After that, we're blowing this joint.
I'm gonna be back, I gotta run this to the other side.
But you're going, you got one hour.
I'll be back.
- It's been a tough week.
Probably the toughest mentally in a while.
- [Terri] Tough couple weeks.
Yeah.
- And really no particular reason are they?
I mean, nothing's changed over the last couple months.

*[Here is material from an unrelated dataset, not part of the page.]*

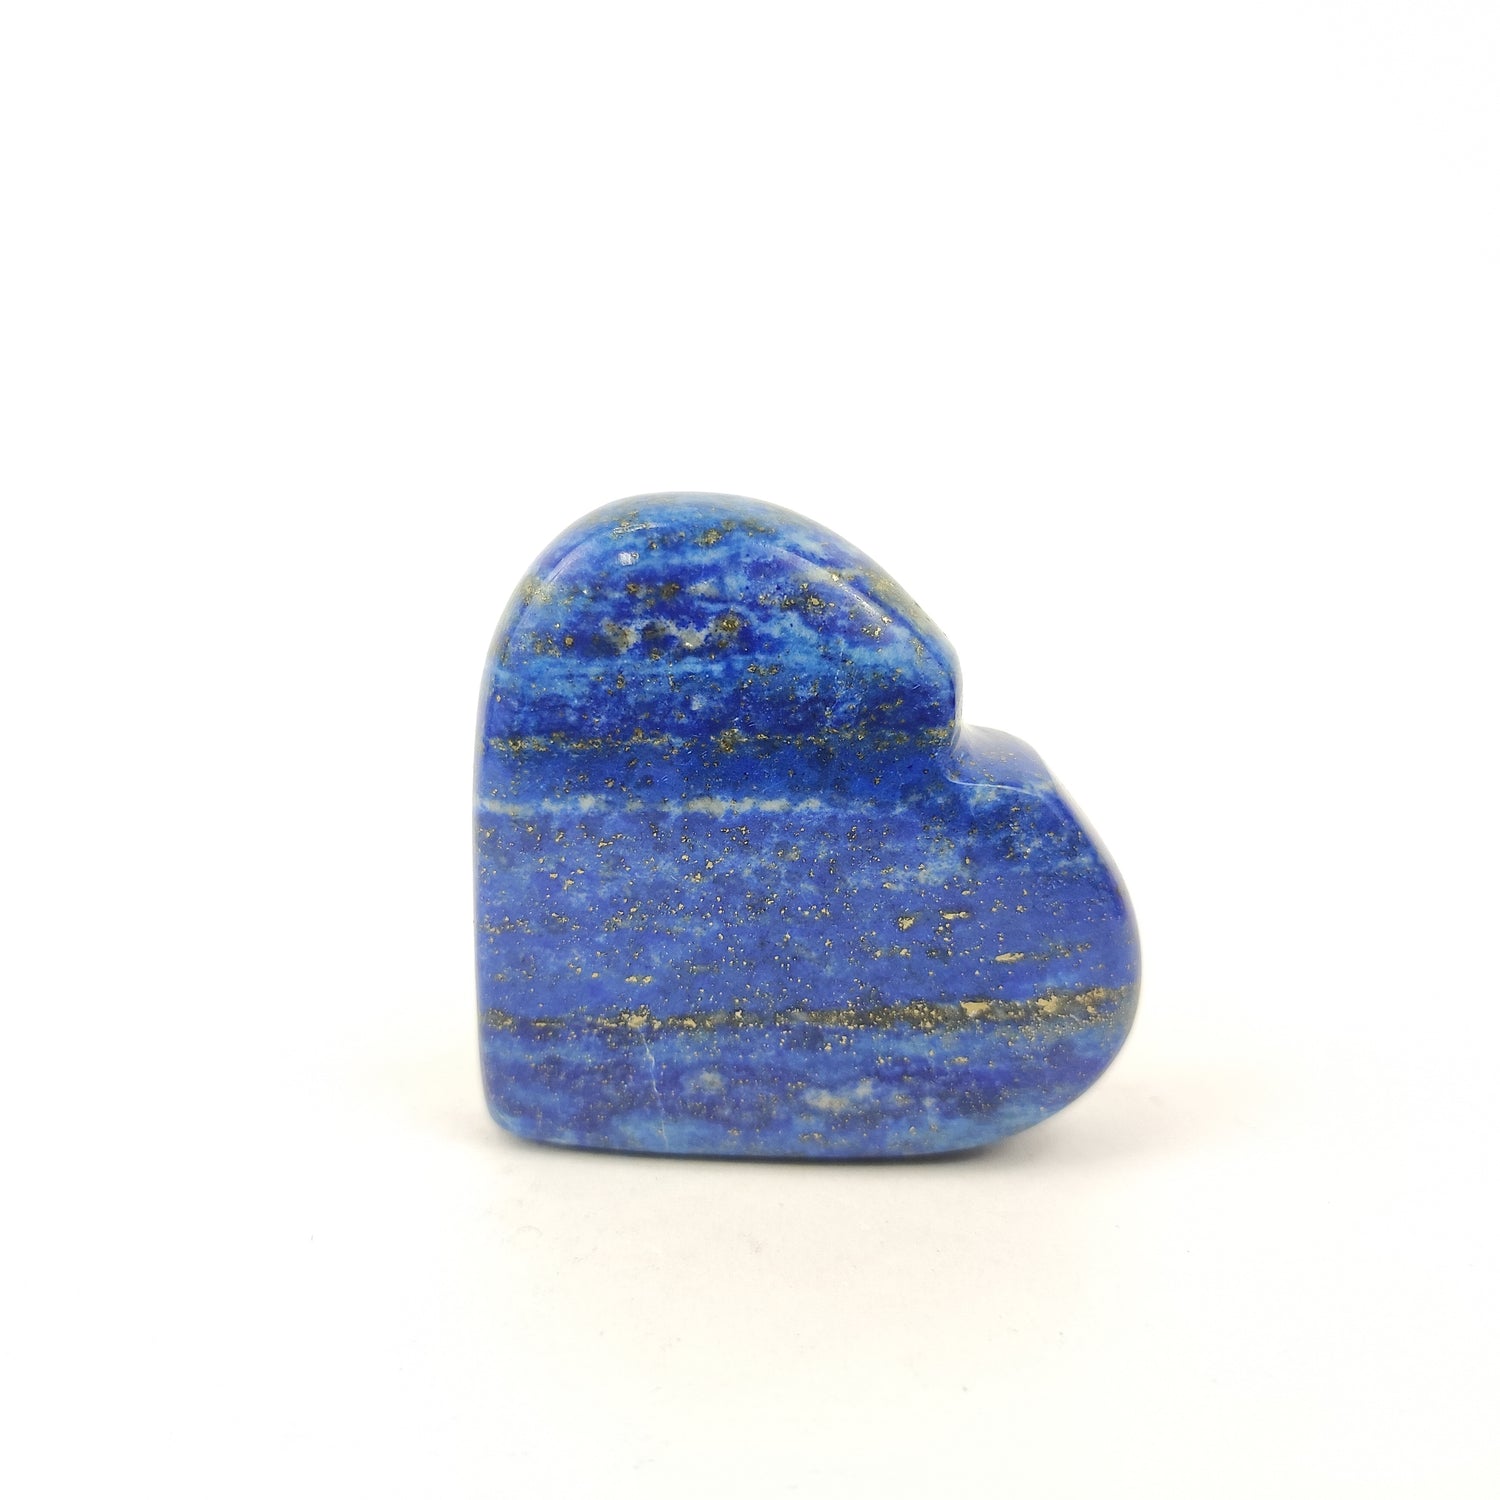 Lapis Lazuli Heart Shaped Crystal

Actually, the treatments are louder.
- I think I've changed.
I don't know.
Like, I told you the person I look at looking back at me you know?
I think I'm tired.
- [Husband] Frustrated.
- With the process I'm frustrated.
And I'm scared.
(sighs) - I want to go to every chemo treatment.
You know, I didn't want her to be there without me with her going through those treatments.
It's tough.
You know, you're sitting there watching her hooked up and actually you're watching poison go into her.
But without that poison she didn't have a chance.
- I know you have your own issues you're dealing with with this.
I know that.
I know that.
And we need to talk about that.
I know he's scared.
I know he loves me.
He doesn't really share a whole lot about it.
(soft piano music) - [Husband] What's the matter?
(crying) Terri.
- I've never let him see me post-mastectomy.
And that's my choice.
I don't want that to be a lasting impression in his mind.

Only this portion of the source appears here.